Moderate poverty refers to living conditions in which basic needs are barely met. This implies that daily needs are met but just an insignificant proportion of the needs. In this sense one could have just enough for today and less than enough for a week or even months.  Relative poverty on the other hand obtains where basic needs can be met to a certain proportion. “Relative poverty is generally construed as a household income level below a given proportion of average national income. The relatively poor in high income countries lack access to cultural goods, entertainment, recreation and to quality health care, education and other prerequisites for upward social mobility” Sachs (2005:20). In other words the individual lacks those needs that could elevate his social and emotional status. Poverty is a human condition characterised by the sustained or chronic deprivation of the resources, capabilities, chances, security and power necessary for the enjoyment of an adequate standard of living and other civil, cultural, political and social rights.
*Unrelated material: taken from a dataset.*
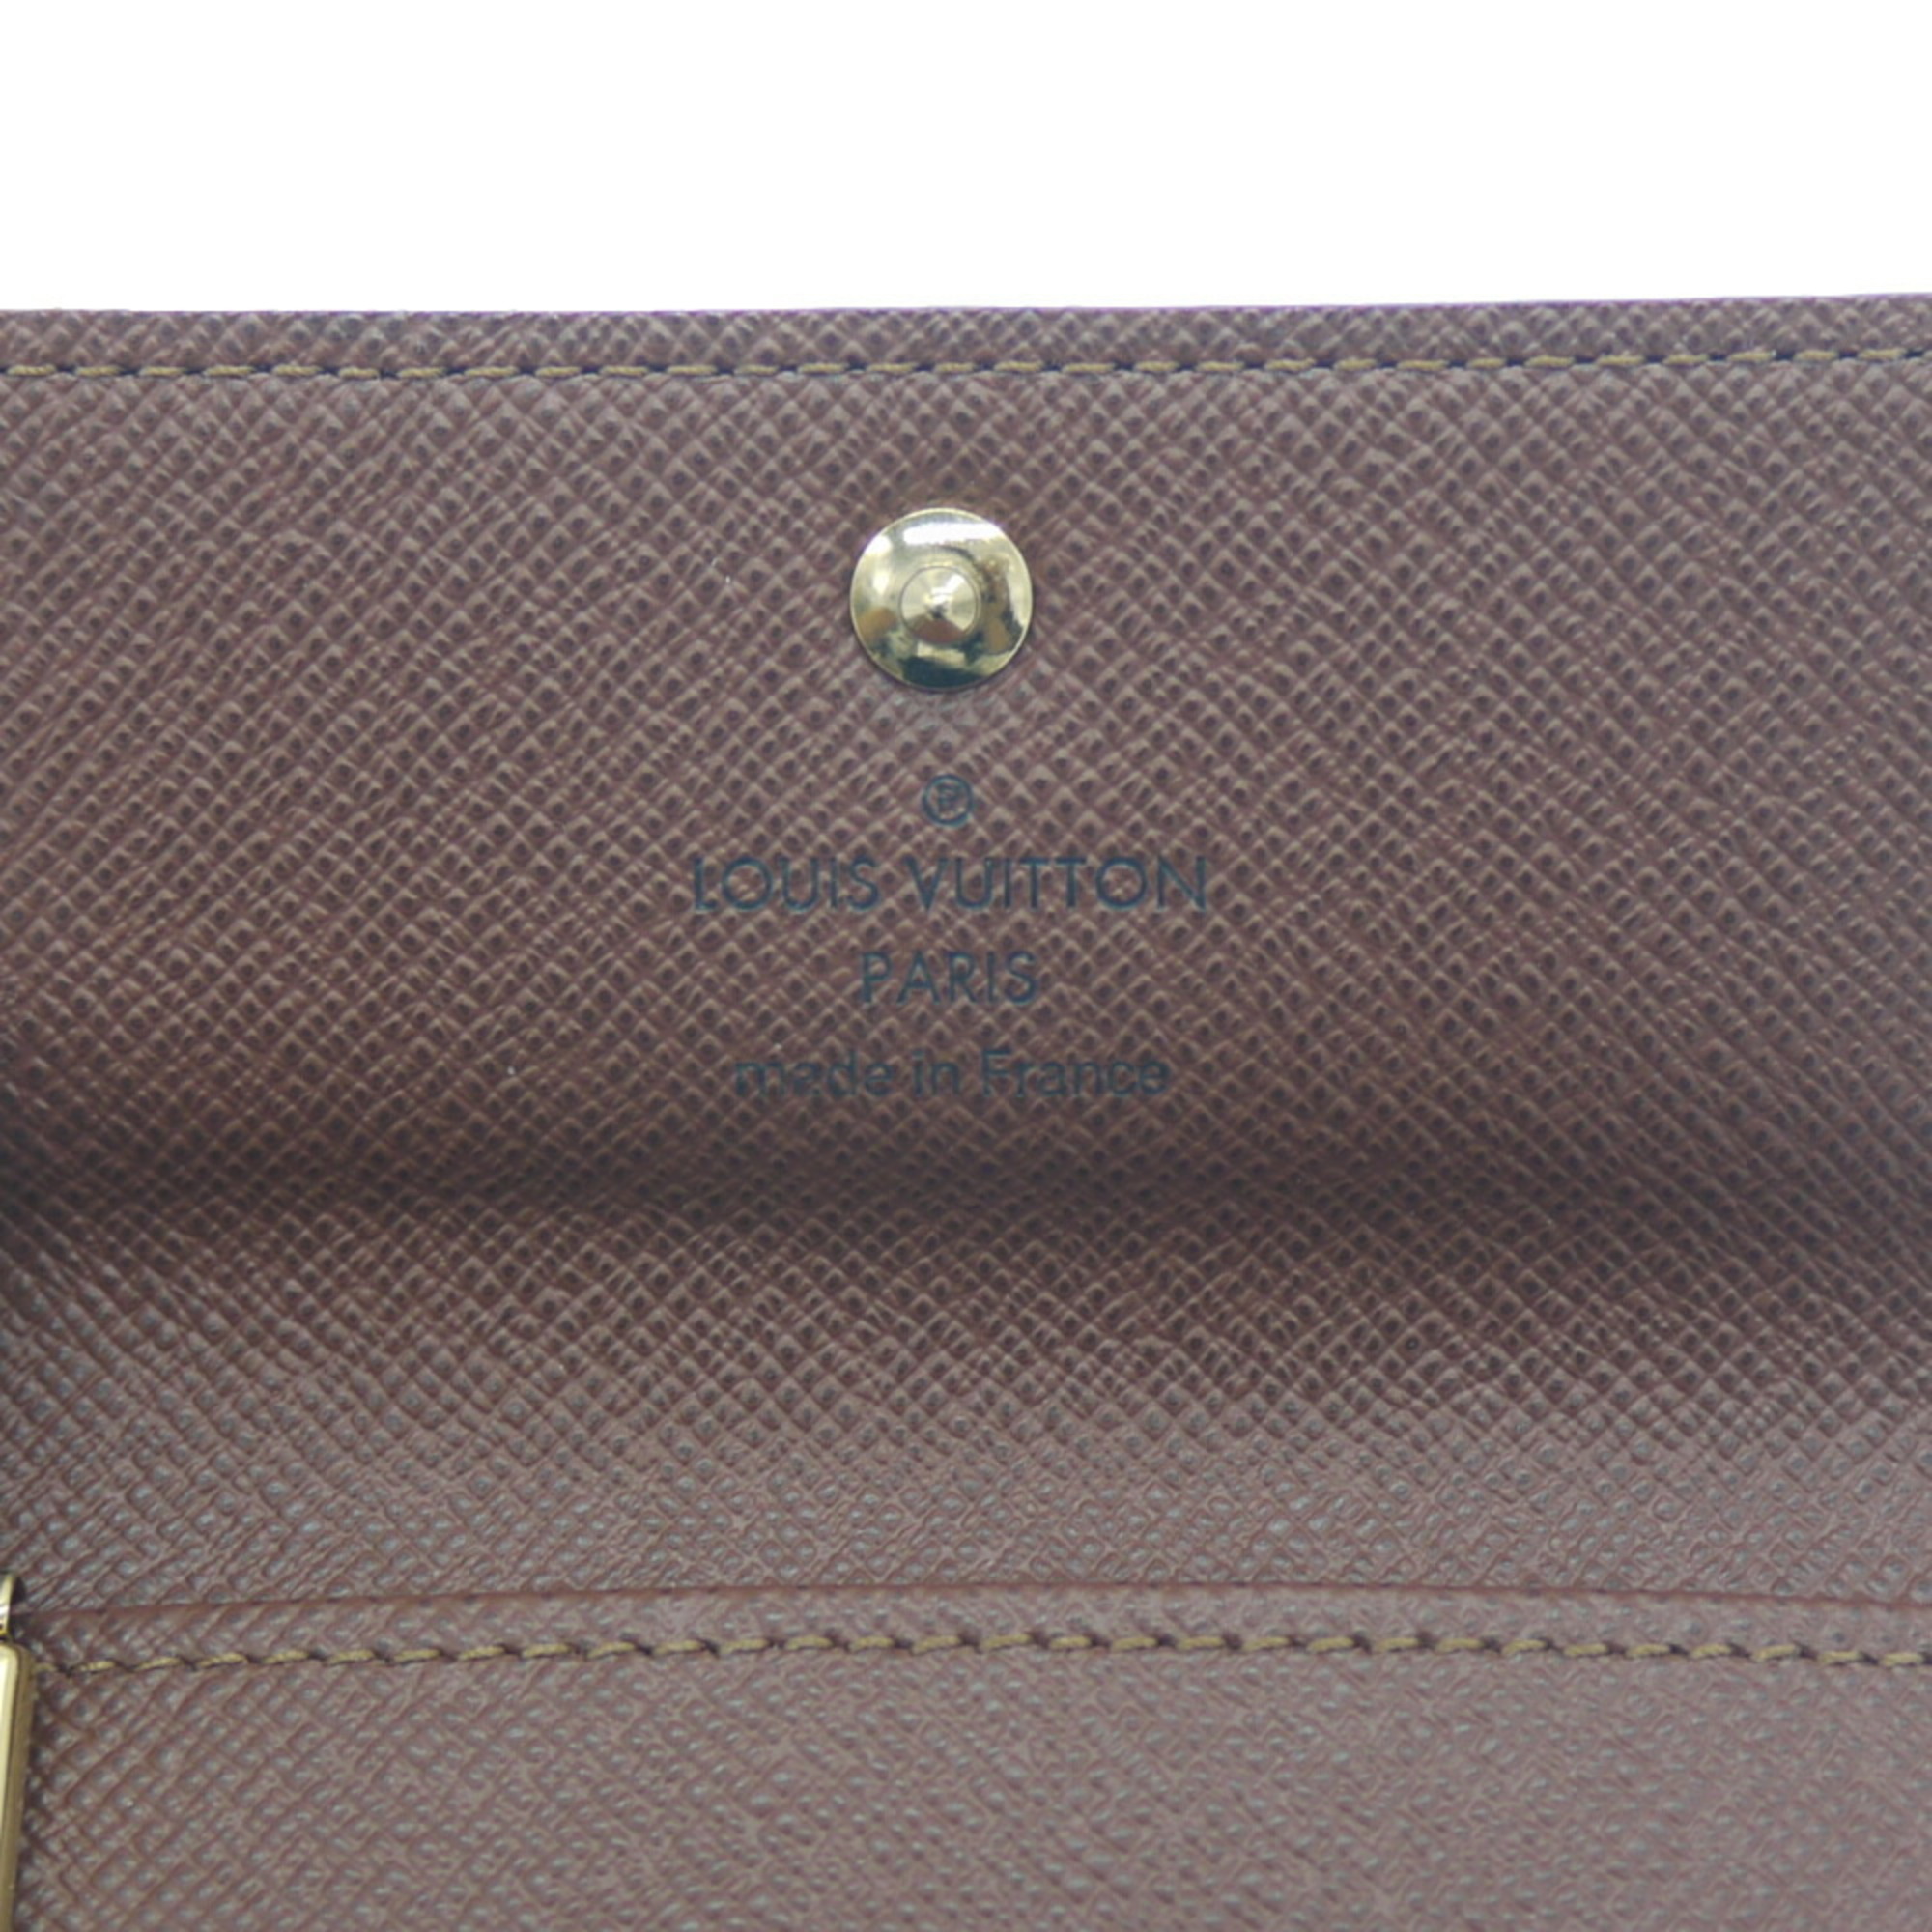 LOUIS VUITTON Louis Vuitton Multicle 4 Monogram Key Case Holder M69517 M62631

In just seventeen years since the end of the cold war, over 300million human beings have died prematurely from poverty related causes with some 18million more added each year. Much larger numbers of human beings must live in conditions of life threatening poverty that make it very difficult for them to articulate their interests and effectively to fend for themselves and their families.Pogge (2007:51).

The principle of humanity is the major basis of the proposal for the regarding of poverty as a violation of human rights.To ascertain if poverty is a violation of human rights we should begin first by outlining in detail what poverty entails conceptually and in existential reality. In doing so, we will not be able to hide or run away from the truth that, poverty undermines the individual’s humanity, inherent dignity and in more severe cases right to life. The categorisation of poverty therefore as a violation of human rights according to Thomas Pogge, will be applauded and encouraged by everyone who recognizes the horrendous realities of widespread extreme poverty of the sort experienced by over a fifth of the world’s population.


   Approaching poverty through the prism of human rights is to lift it from the status of a social problem to that of a moral catastrophe Pogge (2007:56).  This view of poverty helps to strike out the idea from people’s minds that poverty is merely unfortunate and install the idea that it is a creation of certain avoidable and controllable socio-political and economic circumstances and factors. If we can widely accept that torture is a violation of human rights as enshrined in the International Covenant on Civil and Political Rights (ICCPR) of the UNDHR without raising any eyebrows, then we should not hesitate to accept that poverty is also a violation of human rights because even poverty itself is a kind of torture. It is only when we try to politicise human rights by ascribing some things as rights and some as not, based on what we feel or what interests us that we fail to accept that poverty is a human right violation. The categorisation of poverty as a human right violation gives or equips us with a new weapon with which to tackle and eliminate poverty. The need for this kind of new approach is necessary seeing that despite the economic activities of growth and development plans by various governments today, poverty is increasing instead of decreasing. In some quarters the political and economic measures themselves constitutes a boost to poverty or help create new poverty. Economic measures instead of lifting people out of poverty are ushering them into new dimensions of poverty.
If the fundamental tenet of human rights is the upholding of human dignity, then to throw away the idea of poverty as a violation of human rights from the human rights discourse would be to indirectly throw out the very substance of human rights itself as poverty strips human beings of their human dignity. Sane gives the practical implication of viewing poverty as a human right violation, “by treating poverty as a violation of human right we are in effect encouraging the institutionalization of social and economic rights so that courts not governments will be given the tasks of setting minimum welfare standards in these areas, avoiding legislation that they consider increases or fails to decrease the incidence and degree of poverty” pogge (2007:57).